However, the thermoplastic optical material resin molded product is
Generally, when a base material is heated when it is formed, the base material is easily deformed. Since the thermal expansion coefficient is large, micro cracks occur in the dielectric multilayer film in an environment with temperature change, and further, the dielectric multilayer film peels from the base material. There was a problem in terms of adhesion.

Further, among the optical components, in the case of an optical component having a metal film as an optical film, there is a similar problem of adhesion between the reflection layer and the base material.

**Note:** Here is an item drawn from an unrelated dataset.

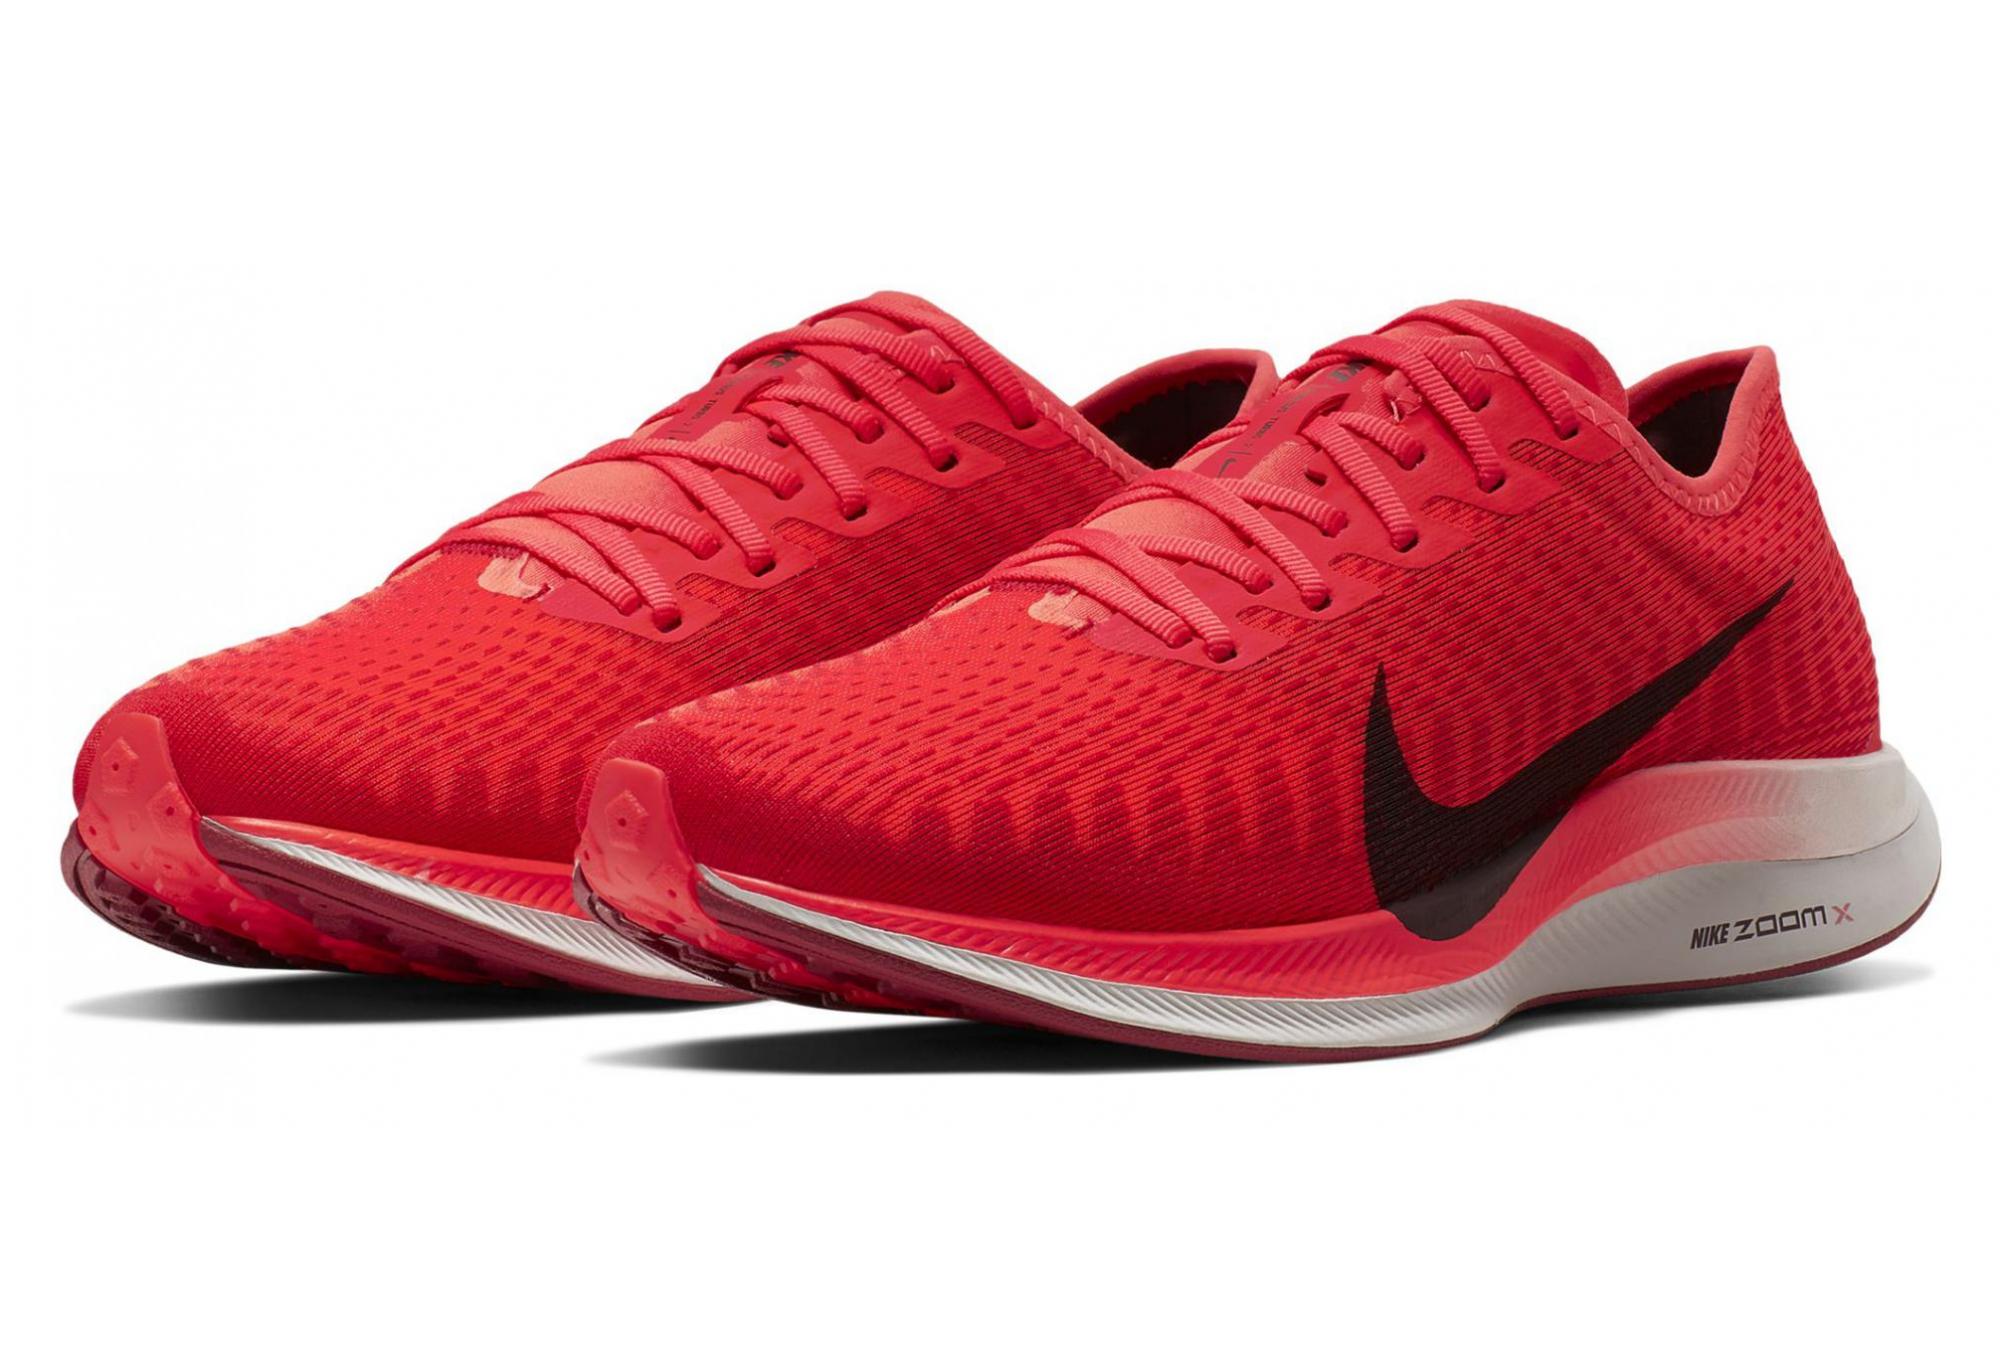 taille 40 e293e ef299 Nike Zoom Pegasus Turbo 2 Rouge Homme
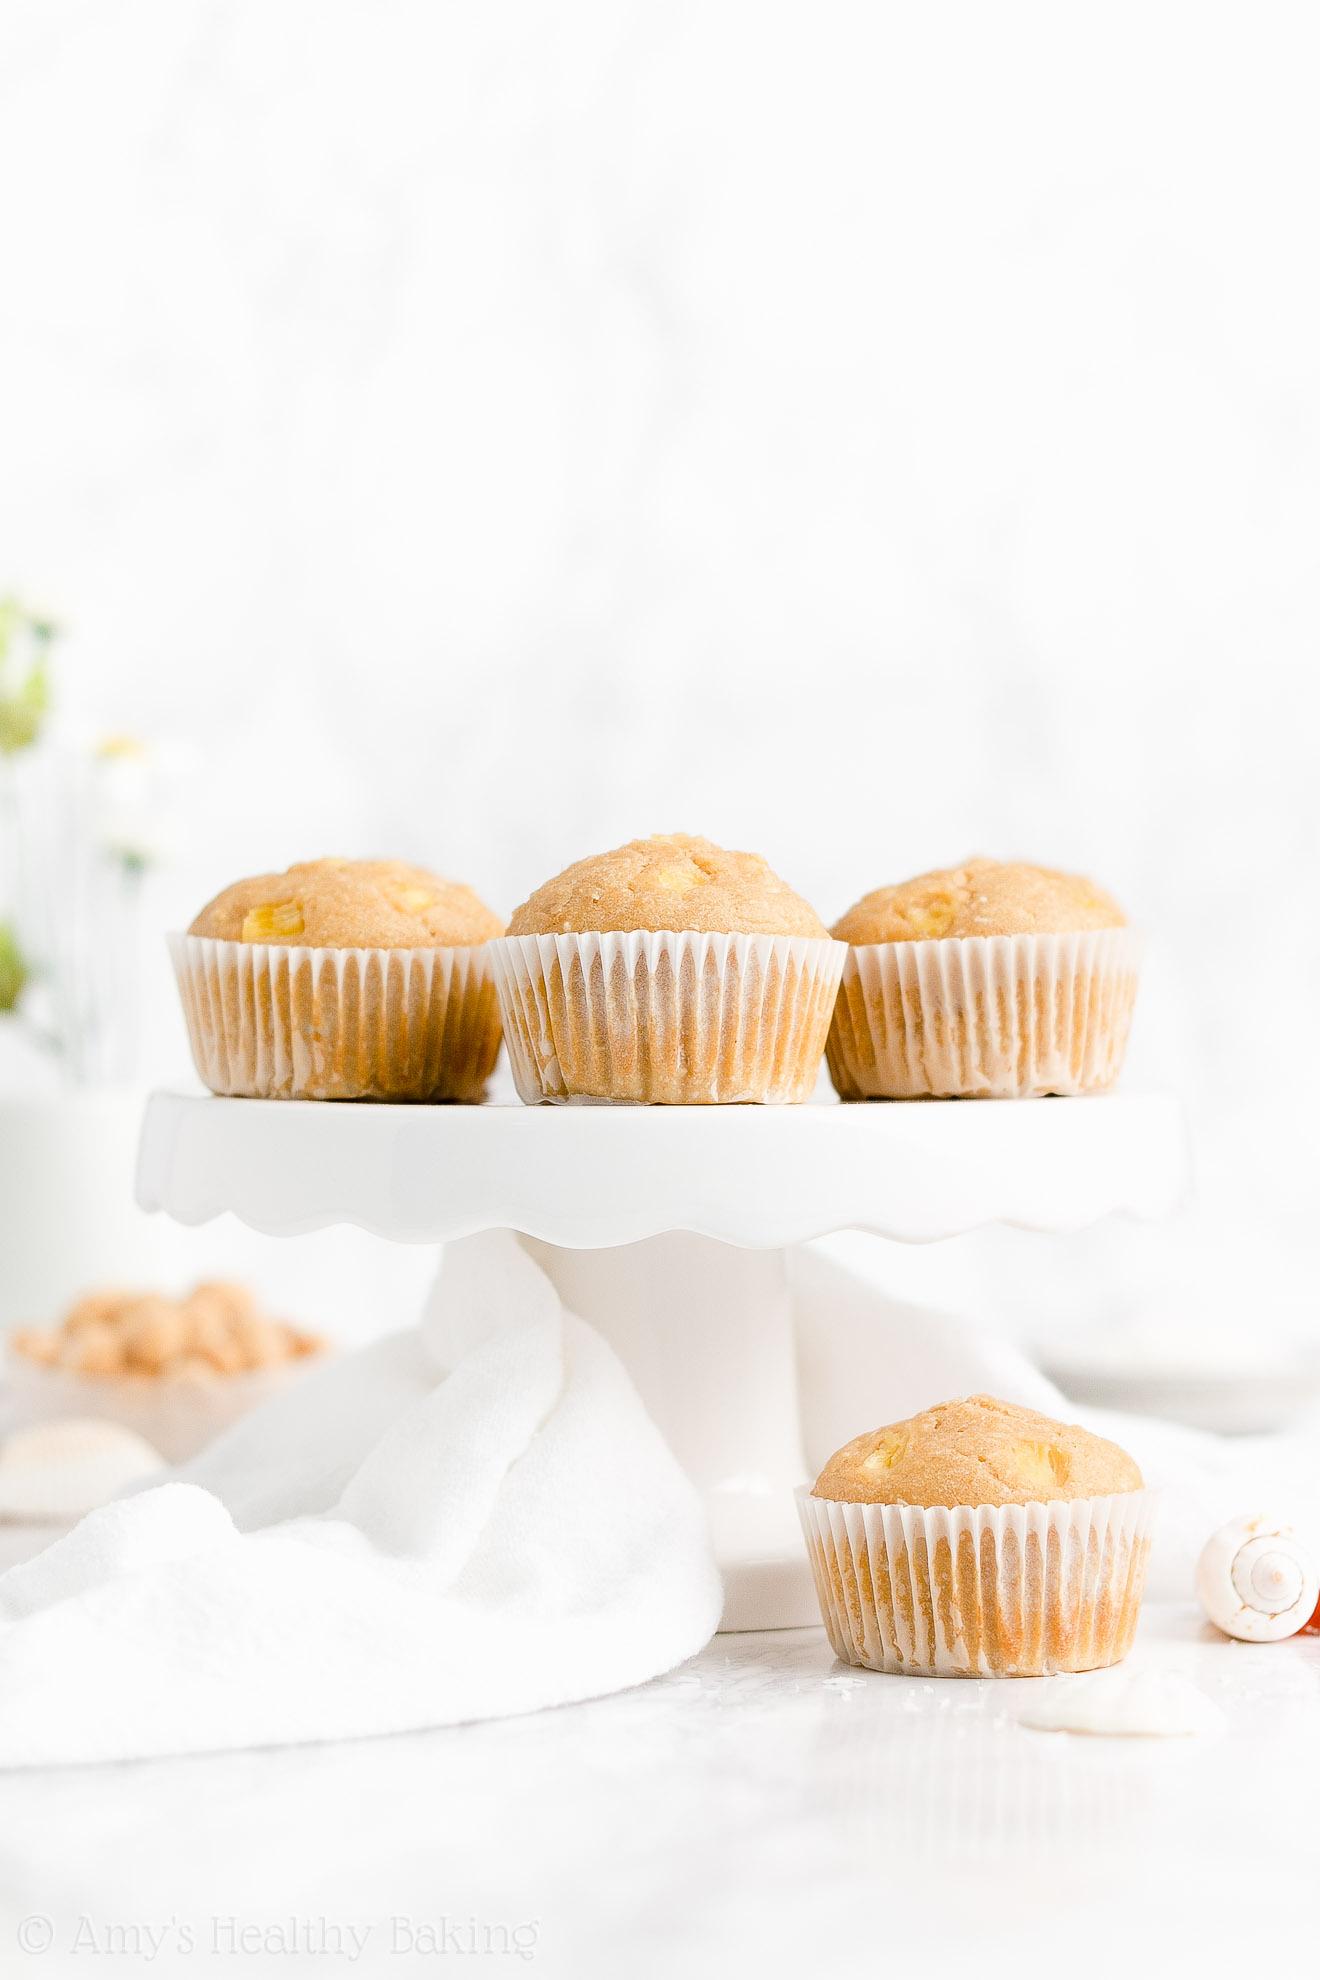 Clean Eating Healthy Sugar Free Pineapple, Coconut & Macadamia Nut Muffins

In the dielectric multilayer film, an undercoat treatment with a silicon resin is performed, or the material of the first layer on the base material (layer in contact with the base material) is SiO, SiO ₂ , Ce.
It is known that these problems are improved by using O ₂ , Ta ₂ O _5, etc. (Japanese Patent Laid-Open No. 1-2807).
No. 01, No. 50-35211, No. 6
3-5723, JP-A-63-81402,
JP-A-63-81403, JP-A-63-8140
No. 4, etc.).

Recently, a thermoplastic norbornene-based resin has been attracting attention as an optical material excellent in moisture resistance, water resistance and heat resistance. However, in the thermoplastic norbornene-based resin molded product, the undercoat is easily peeled off even if the undercoat treatment with the conventionally used silicone resin is performed, and the undercoat is used in precision molded optical parts such as aspherical lenses. There was a problem that the shape changed. In addition, even if SiO, SiO ₂ , or CeO ₂ is vacuum-deposited on a thermoplastic norbornene-based resin molded product, the adhesion is insufficient, and microcracks may occur in the laminated optical film when used in an environment with temperature change. There was a problem of doing. As a result, it has been difficult to obtain an optical component in which an optical film is formed on a substrate made of a thermoplastic norbornene-based resin with good adhesion.

[0008]

DISCLOSURE OF INVENTION Problems to be Solved by the Invention The inventors of the present invention have earnestly studied to develop an optical component in which an optical film is laminated with good adhesion using a thermoplastic saturated norbornene resin molded product as a base material, and as a result, Ta ₂ O _{5 is obtained.} It was found that an optical component having excellent adhesion between the base material and the optical film can be obtained by forming a layer containing as a main component on the base material, and completed the present invention.

[0009]

Thus, according to the present invention, an optical member having a layer containing Ta ₂ O ₅ as a main component on the surface of a substrate made of a thermoplastic norbornene resin, and an optical film laminated on the optical member. An optical component is provided.

(Thermoplastic Norbornene Resin) The thermoplastic norbornene resin used in the present invention is disclosed in JP-A-3-14.
882, JP-A-3-122137, and JP-A-4-63.
Nos. 807 and the like, specifically, ring-opening polymers of norbornene-based monomers, hydrogenated products thereof, addition-type polymers of norbornene-based monomers, norbornene-based monomers and olefins. Examples thereof include addition type polymers and modified products of these polymers.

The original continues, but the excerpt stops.